From: Daniel P . Berrangé
Subject: Re: [RFC PATCH v3 17/36] pflash_cfi01/tdx: Introduce ram_mode of pflash for TDVF
Date: Tue, 22 Mar 2022 09:27:32 +0000
User-agent: Mutt/2.1.5 (2021-12-30)

On Mon, Mar 21, 2022 at 04:54:51PM +0800, Xiaoyao Li wrote:
> On 3/18/2022 10:07 PM, Philippe Mathieu-Daudé wrote:
> > Hi,
> > 
> > On 17/3/22 14:58, Xiaoyao Li wrote:
> > > TDX VM needs to boot with Trust Domain Virtual Firmware (TDVF). Unlike
> > > that OVMF is mapped as rom device, TDVF needs to be mapped as private
> > > memory. This is because TDX architecture doesn't provide read-only
> > > capability for VMM, and it doesn't support instruction emulation due
> > > to guest memory and registers are not accessible for VMM.
> > > 
> > > On the other hand, OVMF can work as TDVF, which is usually configured
> > > as pflash device in QEMU. To keep the same usage (QEMU parameter),
> > > introduce ram_mode to pflash for TDVF. When it's creating a TDX VM,
> > > ram_mode will be enabled automatically that map the firmware as RAM.
> > > 
> > > Note, this implies two things:
> > >   1. TDVF (OVMF) is not read-only (write-protected).
> > > 
> > >   2. It doesn't support non-volatile UEFI variables as what pflash
> > >      supports that the change to non-volatile UEFI variables won't get
> > >      synced back to backend vars.fd file.
> > > 
> > > Signed-off-by: Xiaoyao Li <xiaoyao.li@intel.com>
> > > ---
> > >   hw/block/pflash_cfi01.c | 25 ++++++++++++++++++-------
> > >   hw/i386/pc_sysfw.c      | 14 +++++++++++---
> > >   2 files changed, 29 insertions(+), 10 deletions(-)
> > 
> > If you don't need a pflash device, don't use it: simply map your nvram
> > region as ram in your machine. No need to clutter the pflash model like
> > that.
> 
> I know it's dirty to hack the pflash device. The purpose is to make the user
> interface unchanged that people can still use
> 
>       -drive if=pflash,format=raw,unit=0,file=/path/to/OVMF_CODE.fd
>         -drive if=pflash,format=raw,unit=1,file=/path/to/OVMF_VARS.fd

Note, that in the default pflash config, libvirt will set the 'readonly=on'
flag for OVMF_CODE.fd ie, it will use

    -drive if=pflash,format=raw,unit=0,file=/path/to/OVMF_CODE.fd,readonly=on
    -drive if=pflash,format=raw,unit=1,file=/path/to/OVMF_VARS.fd

IOW, we're requiring OVMF_CODE.fd is ROM, while OVMF_VARS.fd is NVRAM

IIUC, this patch here is changing the semantics of these args:

   - OVMF_CODE.fd is mapped as RAM, but IIUC, QEMU would still be
     prevented from writing to it due to readonly=on in the
     block layer

   - OVMF_VARS.fd is mapped as RAM, but IIUC you're saying that
     none the less, any writes don't propagate back into the file ?

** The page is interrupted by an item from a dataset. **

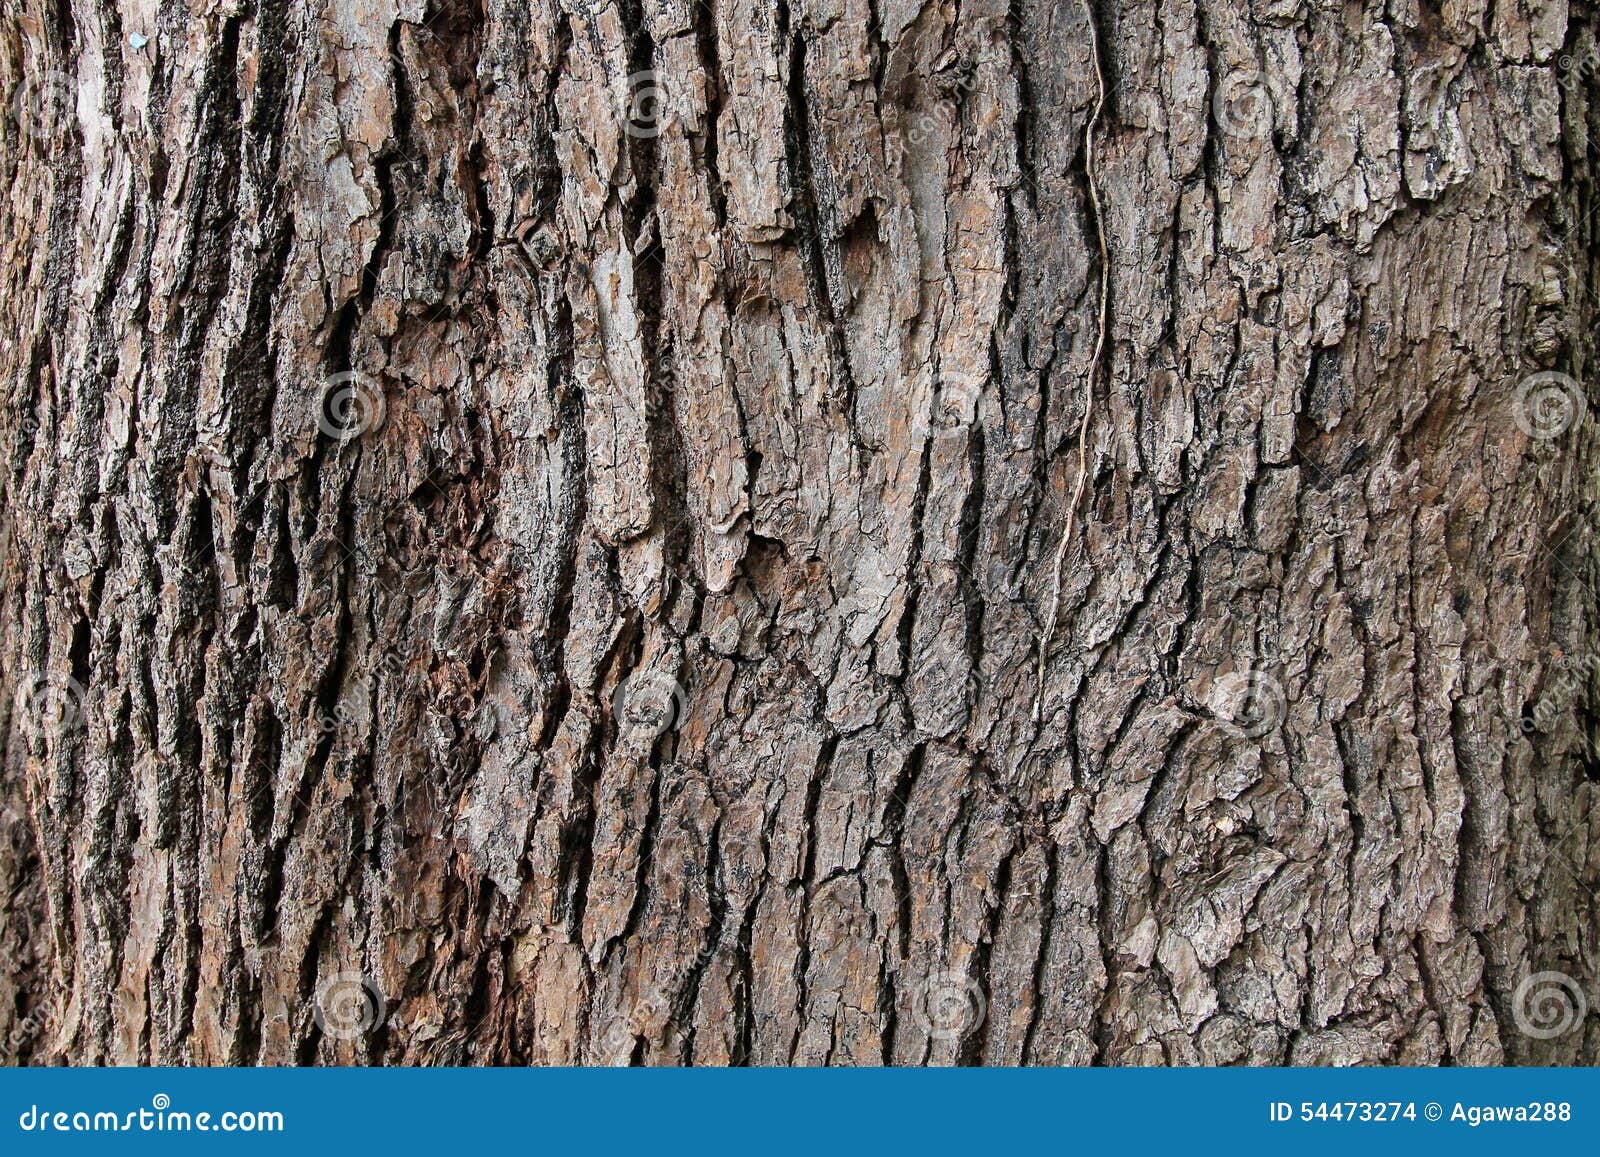 tree bark background texture.

Dealing with OVMF_VARS.fd first, I really wonder why you want to have
a OVMF_VARS.fd file at all, if you don't have writes propagated into
it ? It has no reason to exist if you're not writing to it.

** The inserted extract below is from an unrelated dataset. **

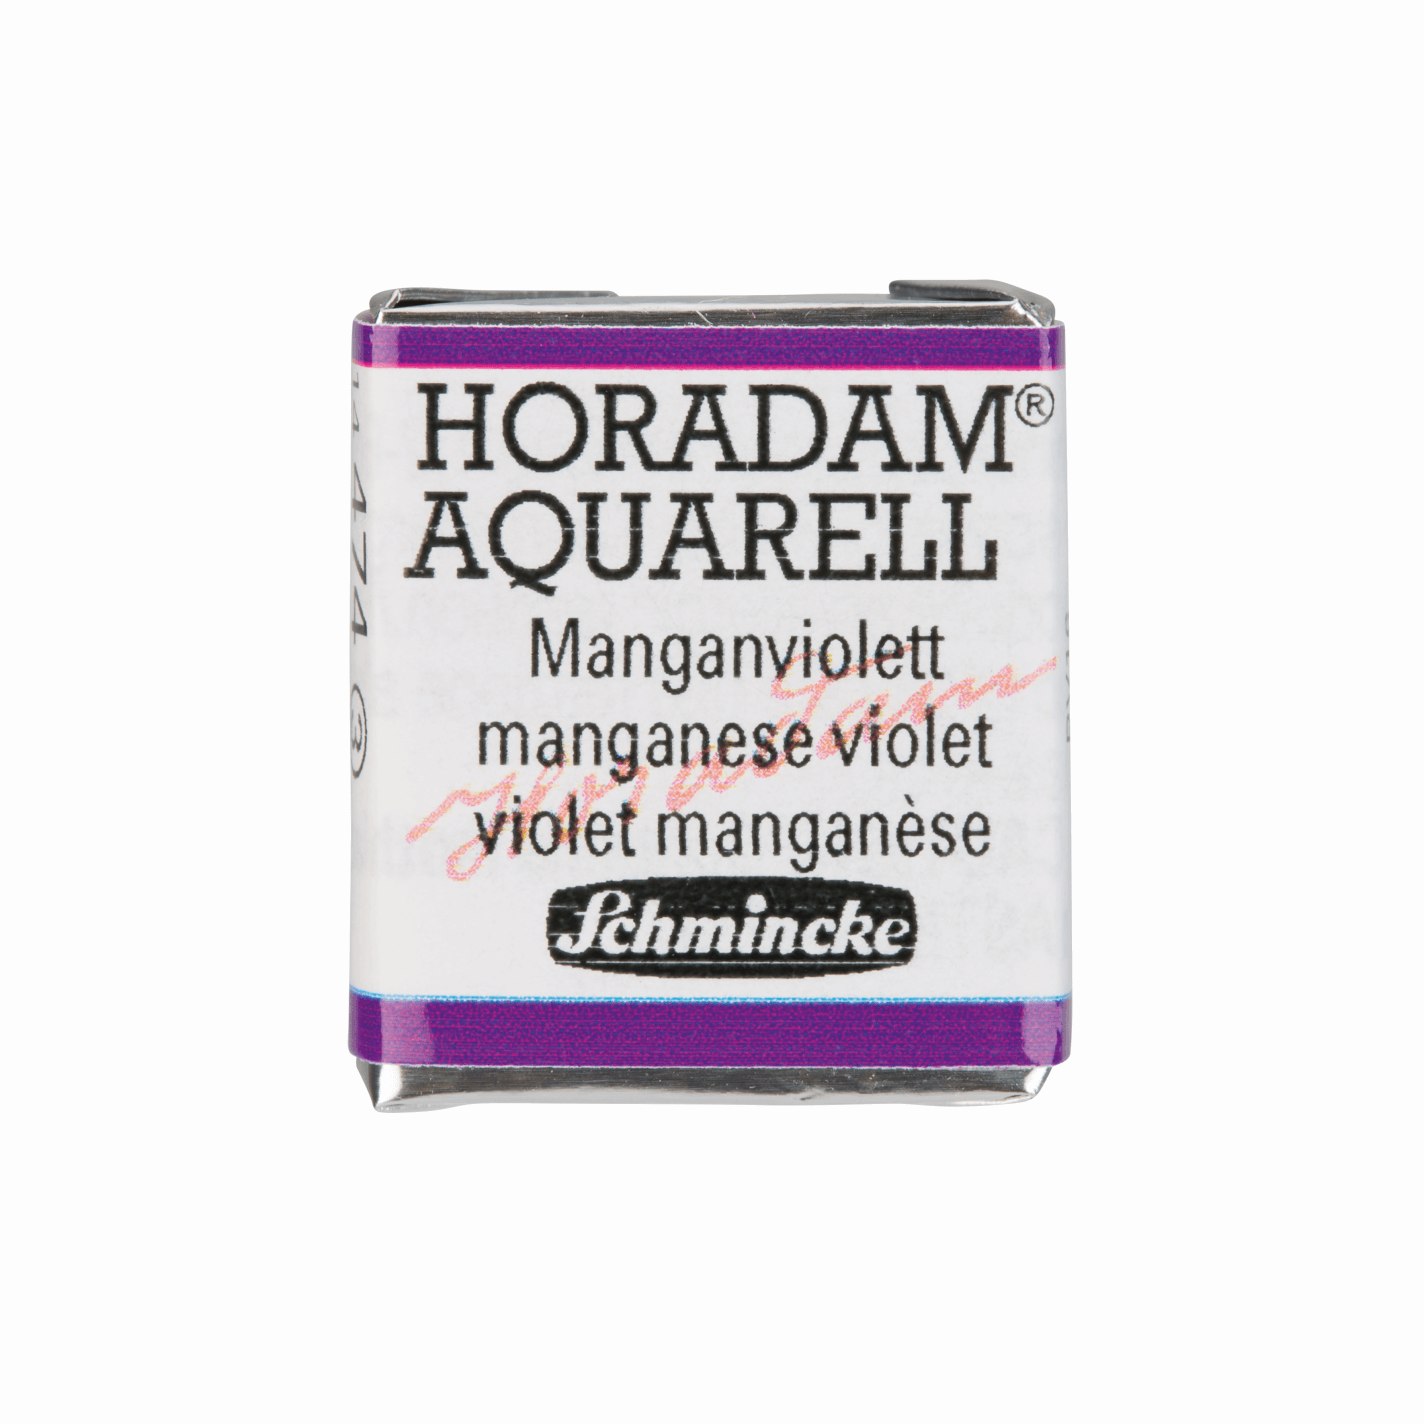 Schmincke Horadam Aquarell pans 1/2 pan Manganese Violet

IMHO the AmdSev build for OVMF gets this right by entirely disabling
the split OVMF_CODE.fd vs OVMF_VARS.fd, and just having a single
OVMF.fd file that is exposed read-only to the guest.

This is further represented in $QEMU.git/docs/interop/firmware.json
by marking the firmware as 'stateless', which apps like libvirt will
use to figure out what QEMU command line to pick.

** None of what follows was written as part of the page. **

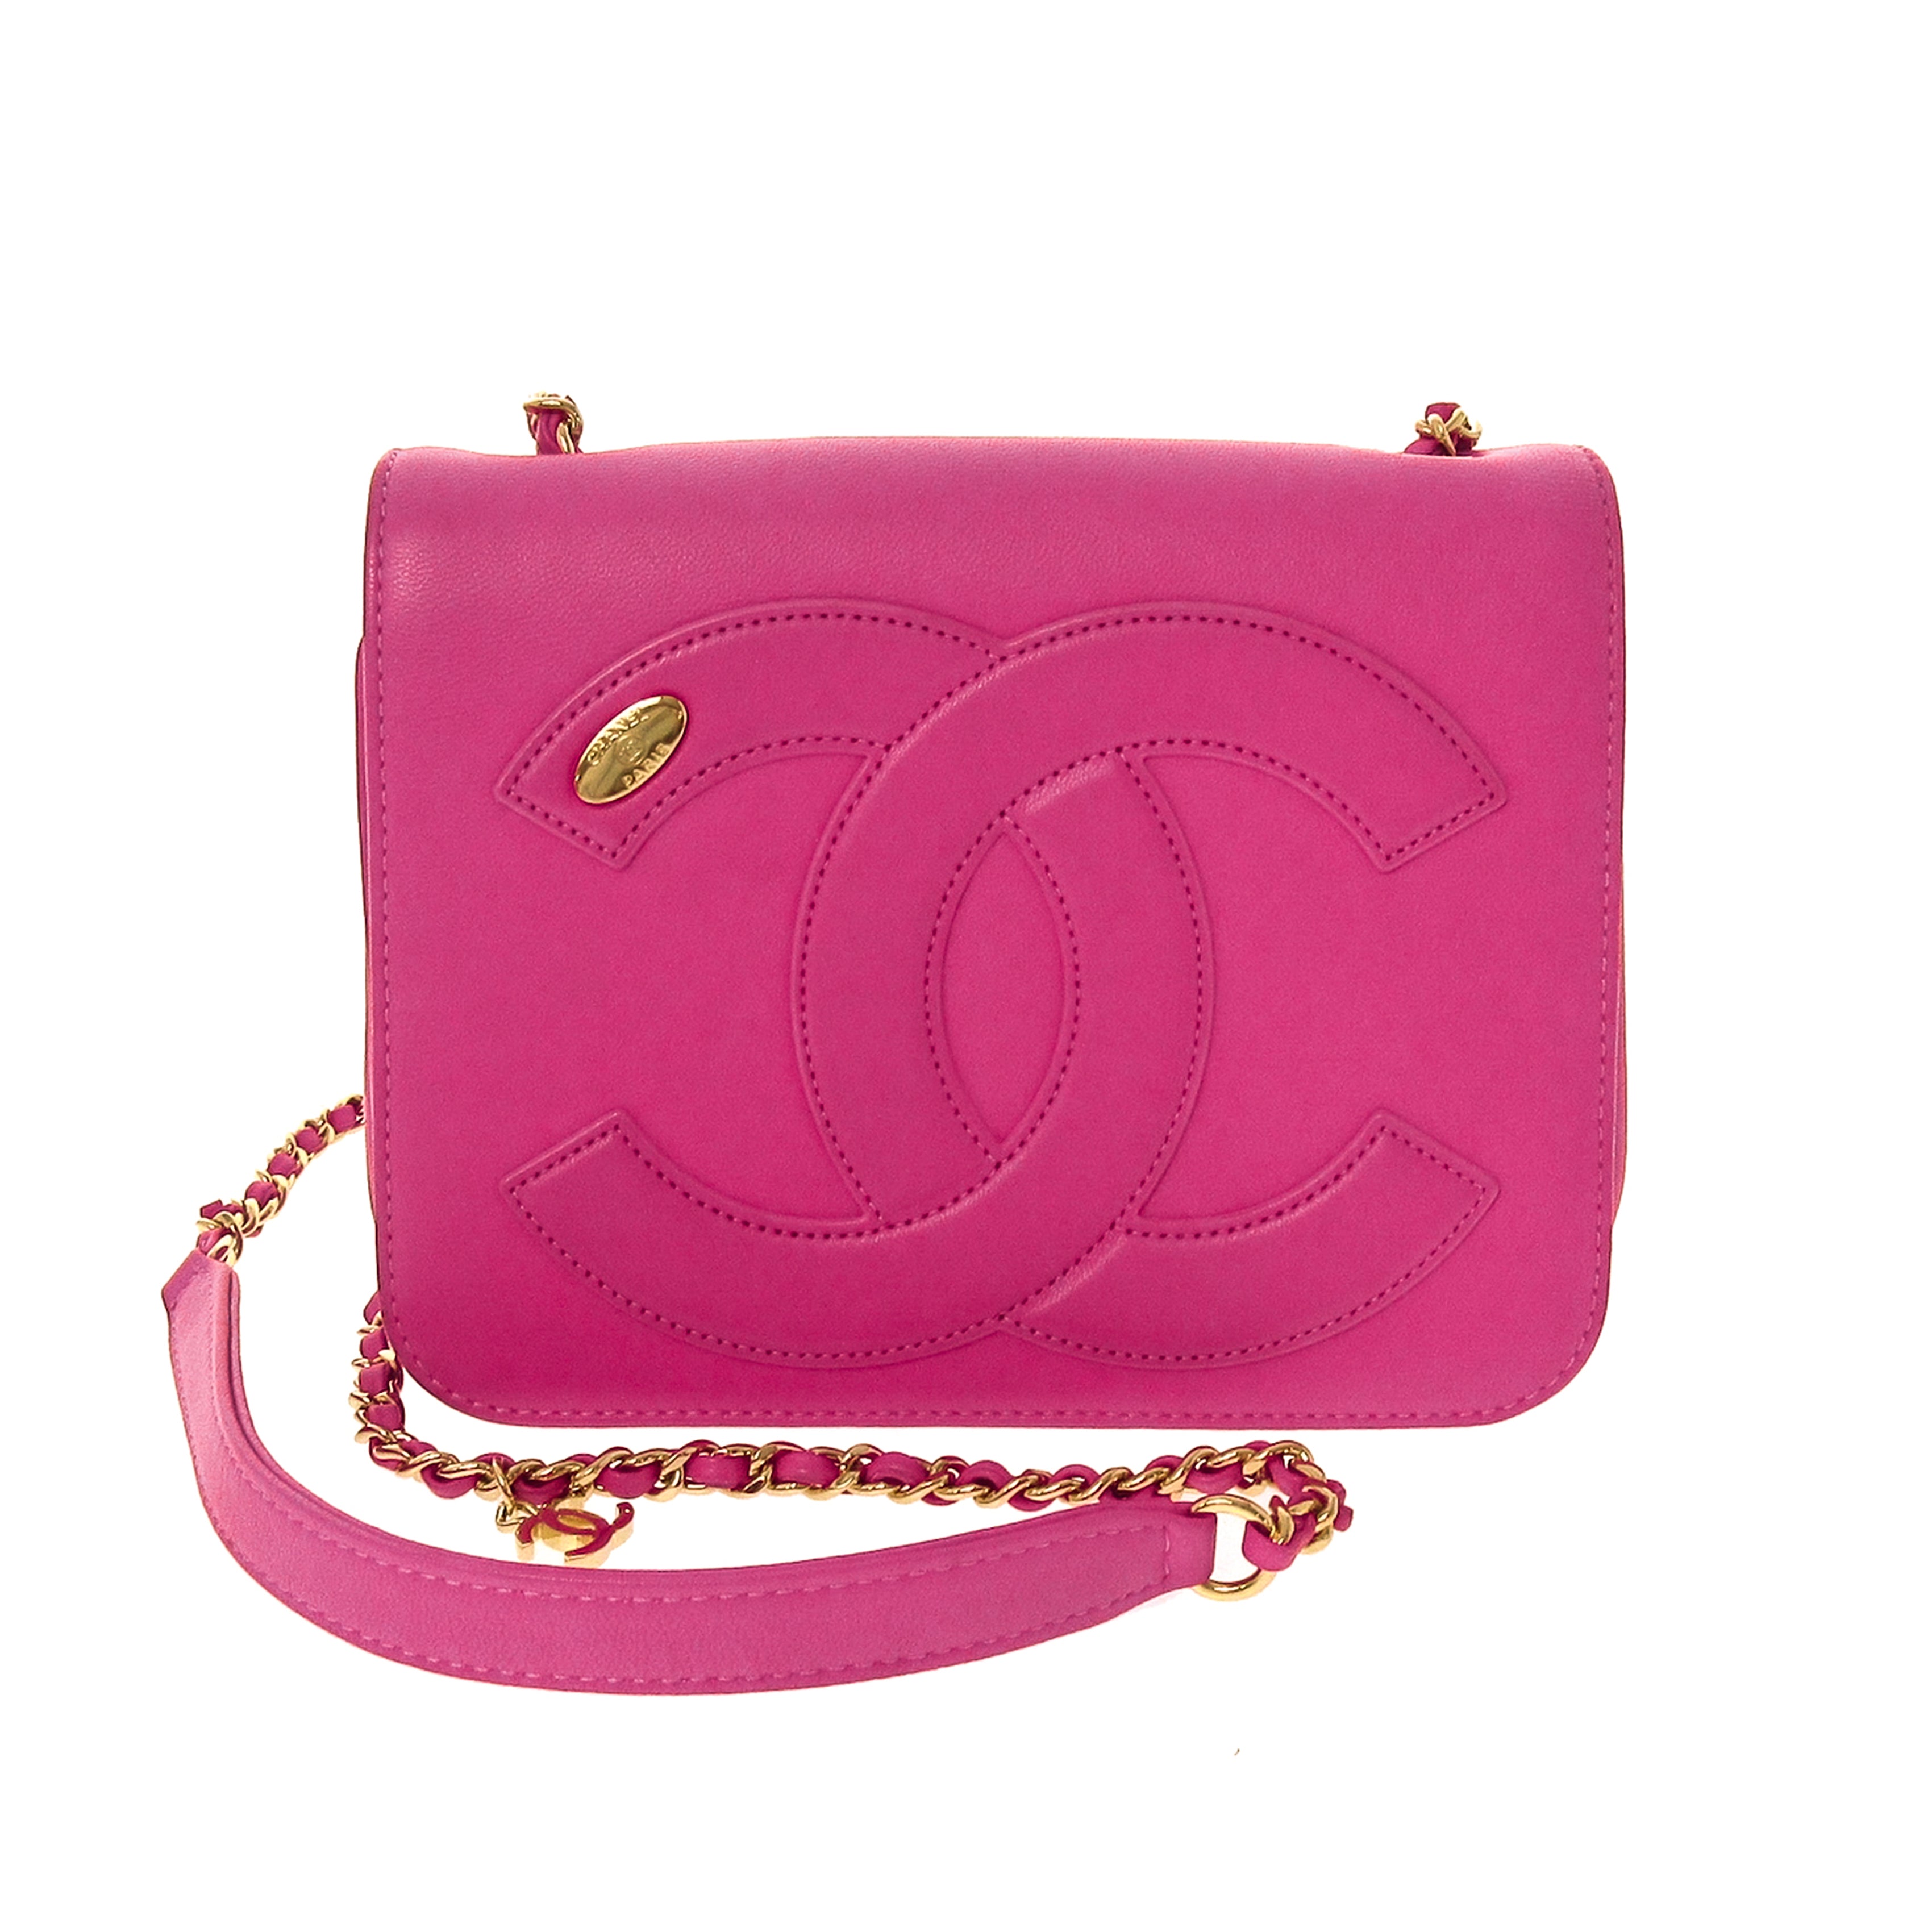 2019 Neon Pink Handbag  Rewind Vintage Affairs

IOW, if you don't want OVMF_VARS.fd to be written to, then follow
what AmdSev has done, and get rid of the split files.


As for exposing OVMF_CODE.fd as RAM instead of ROM. That feels a
little odd, but as long as its backing store file on disk honours
the readony=on request to -drive, that's not terrible IMHO.